During the time my sister was staying with her friend, she grew very depressed. Granted, she had many reasons to be despondent, and this is not to imply that she was not deeply grateful for the generosity of her friend, (even though she was paying her share of expenses). But she was displaced. In-between. One minute, it seemed, she'd had a beautiful four-bedroom home, a home she loved, where she gardened and painted and cooked and entertained and played with pets and celebrated Christmas with her kids--and the next, she was sleeping on someone else's couch and her kids' baby pictures were stuffed down in a box somewhere, locked away.

They say that "home" is just the people who you love. This is true, of course, don't get me wrong. But even the most modest possessions, arranged lovingly nearby, can give us a sense of place, a sense of self. A monk might live in a spare room with a small cot and a short shelf, period. But on that shelf he may have his favorite Bible, a book of inspirational poems, a journal he keeps, a candle, and a rosary given to him by his mother before she died. Those simple, modest possessions are the whole world to him.

A couple of weeks ago, my sister finally got the wherewithal to move out of her friend's apartment. We'd been talking about her moving closer to me for some time, and she finally did so, finding a perfect little Victorian fixer-upper on the shores of a lake. We call it her gingerbread house.

At long last, her things were taken out of storage, boxes of things she hadn't seen in months. Scrapbooks. Framed prints. Needlepoints. Christmas decorations. Cozy comforters. Candles. Little things her kids had given her. Books. Music. Art supplies.

Nothing luxurious or splendid. Nothing trendy. No supersonic electronic must-haves. Just the things of home.

In his book, Meditations On the Monk Who Dwells in Daily Life, by Thomas Moore, an author and psychologist who lived for twelve years as a monk, he says, "Every home is a monastery. There, it is to be hoped, we can find solitude, community, beauty, nature, oratory, and food. There the spirit can be nourished, and the body pleased with arts and pleasures."

When my sister came upon her little gingerbread house, it had been neglected, abused, and eventually, abandoned, by a bunch of derelict renters.
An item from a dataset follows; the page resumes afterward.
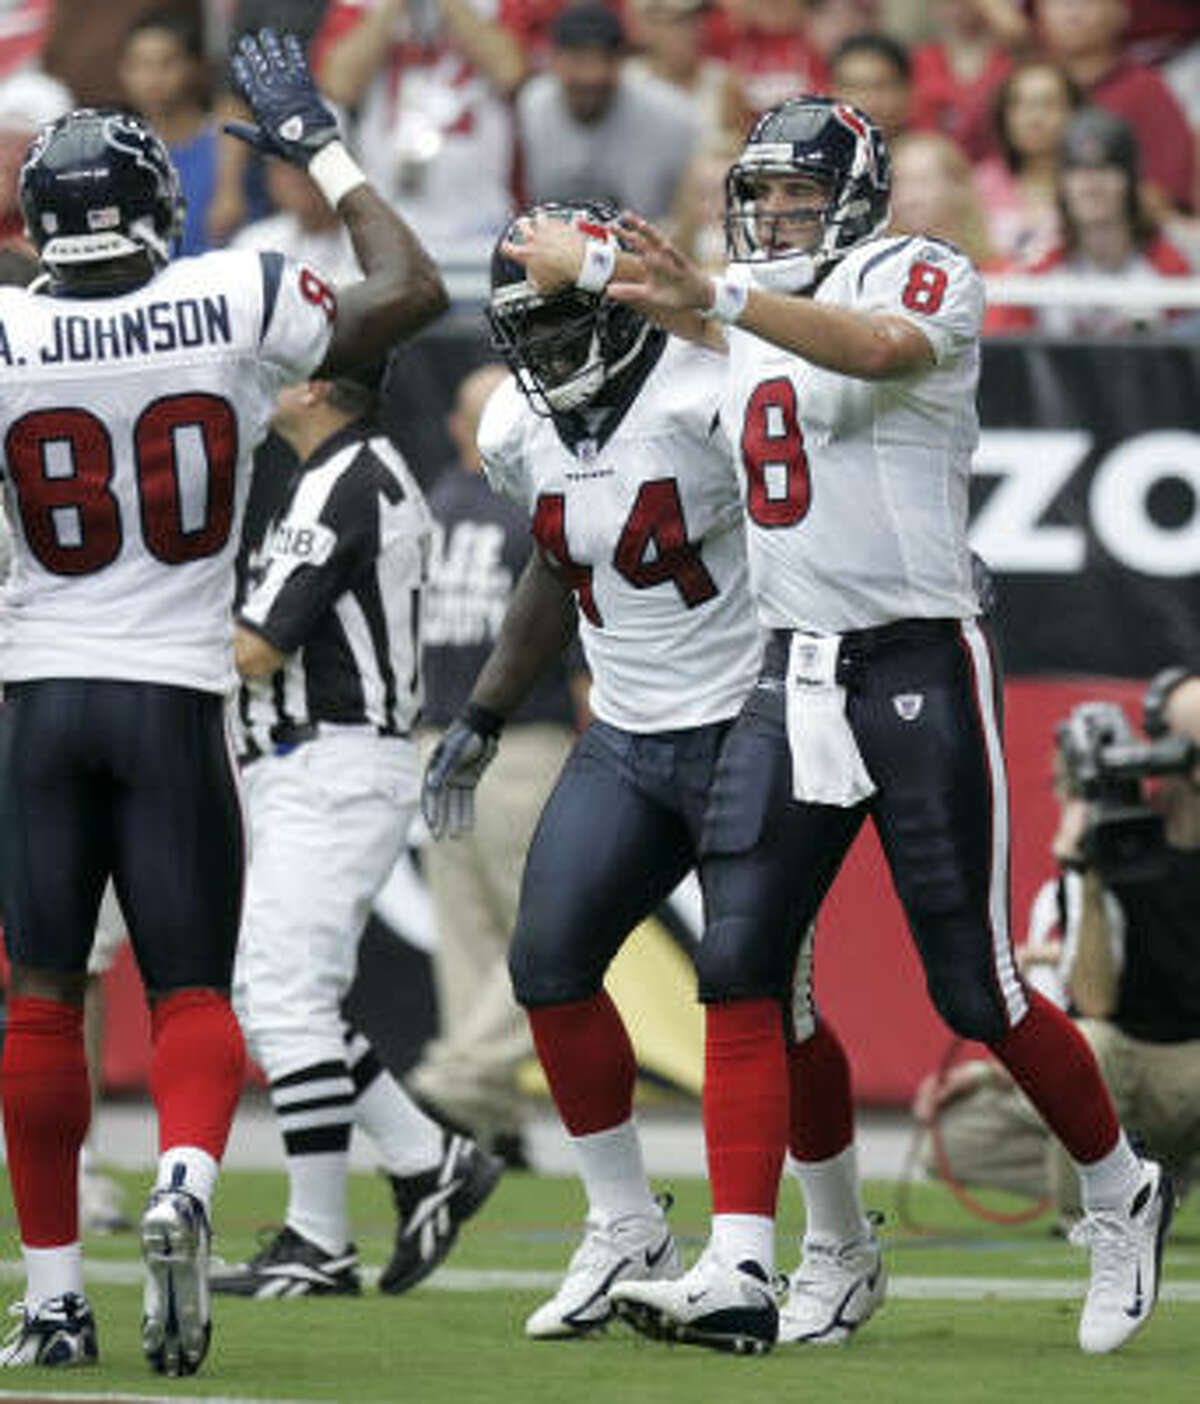 Matt Schaub's 5-yard touchdown run gave the Texans some early momentum.

It looked tired and defeated and sad.

She knew just how it felt. And she knew just what it needed.

Ignoring the more obvious bumps and bruises from renter's scorn, she went to work, hauling off trash, scrubbing and cleaning, sprucing and painting. She prospected dollar-stores and the goodwill for buried treasures--discontinued curtains, overlooked furnishings, festive fabrics. Like an artist with a palette, she took the blank canvas of that old house and filled it with color, warmth, and love.
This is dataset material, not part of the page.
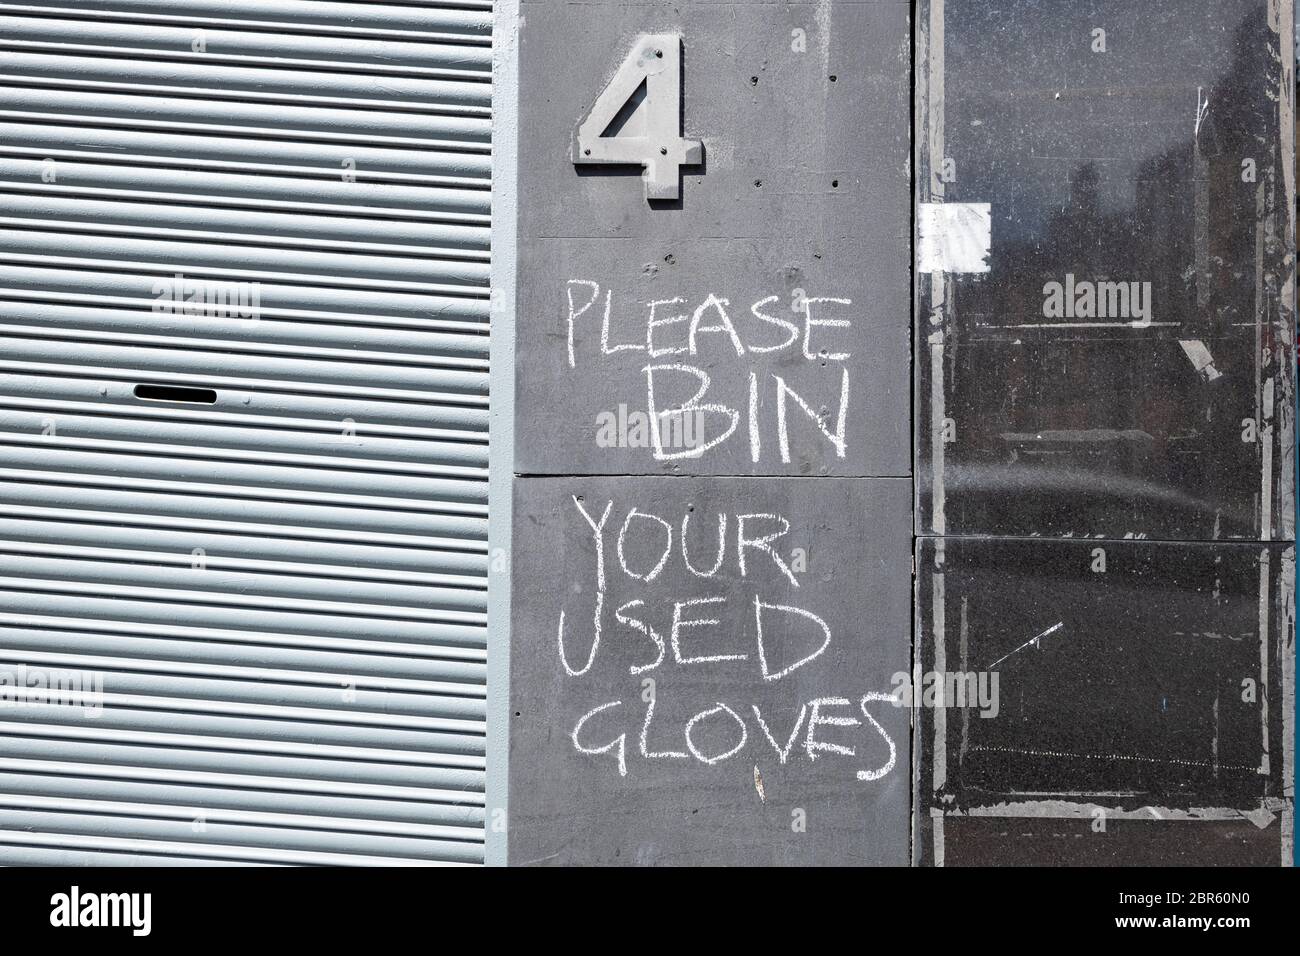 Bitte entsorgen Sie Ihre gebrauchten Handschuhe Kreide Graffiti während Coronavirus Pandemie, Shawlands, Glasgow, Schottland, Großbritannien Stockfoto

And in so doing, she transformed herself.

"The ordinary arts we practice every day at home," wrote Thomas Moore, "are of more importance to the soul than their simplicity might suggest."

To visit that little house by the lake now is to enter a whole other world from the one those renters so callously discarded. It's a place of peace, a warm sanctuary overlooking sun-spangled waters and whispering trees.

And to see my sister now is to see a different person. During her darkest days she resembled someone shellshocked, her eyes like empty rooms. Now she's vivacious and smiling. Even her loyal little cat, Rowdy, seems so much more serene, curled up on her favorite comforter on her old bed in a splash of sunlight.

"Homecaring" is not the same thing as housework. Nobody really likes the nuts and bolts of keeping house. But creating a soft place to fall, a place where strangers can enter and sigh, This feels like home…that is soul-work. It is sacred and it is spiritual. It expands our souls. It is healing. It is worship.

It is finding eternity in the everyday.